Я спрыгнула с софы, поражённая вспышкой озлобленной бьющейся в агонии спасительной мысли. А что если написать в институт? По электронке. Напишу: так, мол, и так, такая вот ситуация, вдруг у вас там местечко освободится, вдруг кто-то доки заберёт, имейте меня в виду. Я включила ноут, села и написала, отправила – дело десяти минут. Потом я решила завтра, точнее в понедельник, съездить и написать письменное прошение на имя ректора – это меня ни к чему не обязывало. Бабушка названивала и названивала, я не брала трубку, я ей всё рассказала, пока сидела под стеклянными дверями, сил разговаривать не осталось.
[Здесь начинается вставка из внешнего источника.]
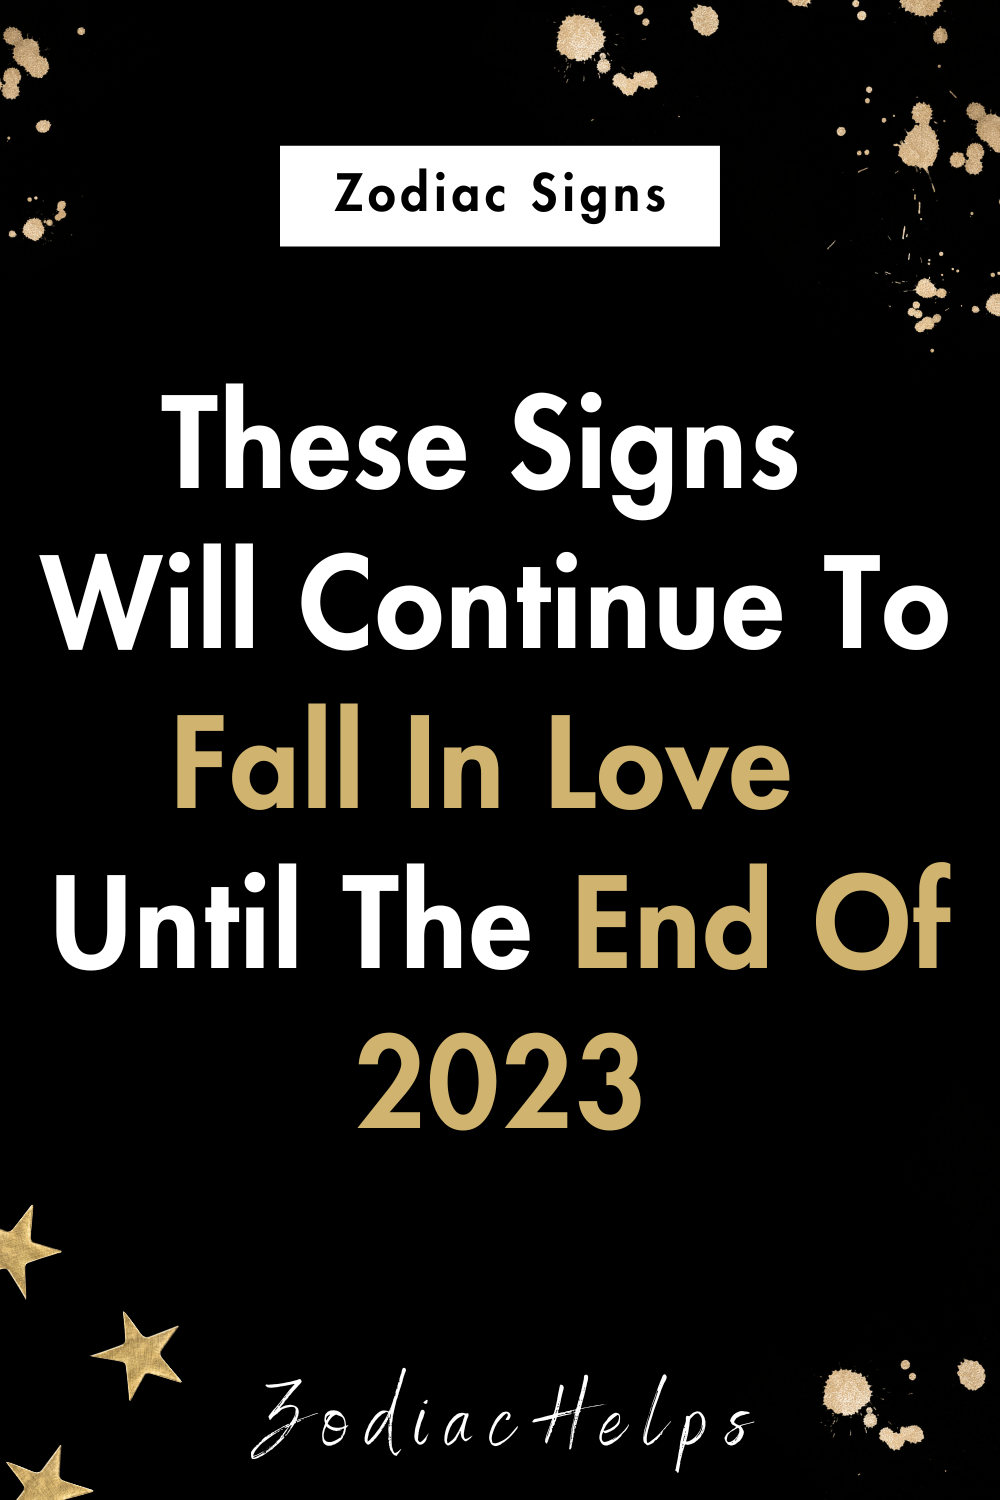 These Signs Will Continue To Fall In Love Until The End Of 2023

Бабушка успокаивала:
− Я виновата. Мы сейчас люди безмашинные, три женщины, папа твой продал драндулет. Слышу в посёлке: пробки, пробки, они меня не касаются, не сообразила. А ты по этому направлению ехала, по нашему направлению.
Что ей теперь-то ближе к ночи надо? Может, что-то посоветовать, успокоить, но я написала ей, что дома, а завтра вернусь на дачу, и больше не хотела говорить. Что тут говорить-то в такой ситуации? Нечего говорить.
Но вот вернулась домой с работы мама, она всё знала, бабушка ей сообщила. Мама села рядом со мной на софу и сказала:
− Не свезло.
Я бы так не смогла, я бы на месте мамы начала изводить меня вопросами, которыми поедом ела сама себя: почему не подумала, зачем вообще, когда одно место осталась, ждала: проходила первой волной в тот подмосковный, надо было туда сразу и нести, не ждать эфемерных возможностей…
Задним умом все сильны, я тоже, но мама – это не я, она спокойно переносила всё, мой провал был не первый и не самый провальный в её жизни. Папа приполз под утро после какого-то слёта бардов (они у них всё лето эти слёты), желчно проскрипел:
− Лучше учиться надо было.
Лучше учиться, помалкивал бы, сам к общему знаменателю забыл, как дробь приводить, однажды его протестировала, просто поржать. Он сложил отдельно числители и отдельно знаменатели – умора, так ещё с таким серьёзным авторитетным видом, музыкант хренов, гитарист.
Мама обняла меня.
− Плохо, что ты никогда не плачешь, − сказала она, помедлила, обернулась – не слышит ли папа и затараторила: – и правильно делаешь, жизнь у нас с тобой такая, что можно плакать не переставая. Но я верю, Тоня, это временно. Расплатимся с кредитами, ты поступишь на следующий год. Я на работе поспрашивала – много кто со второго года поступает, а то и с третьего. Что ж поделать, раз ты выбрала рисование.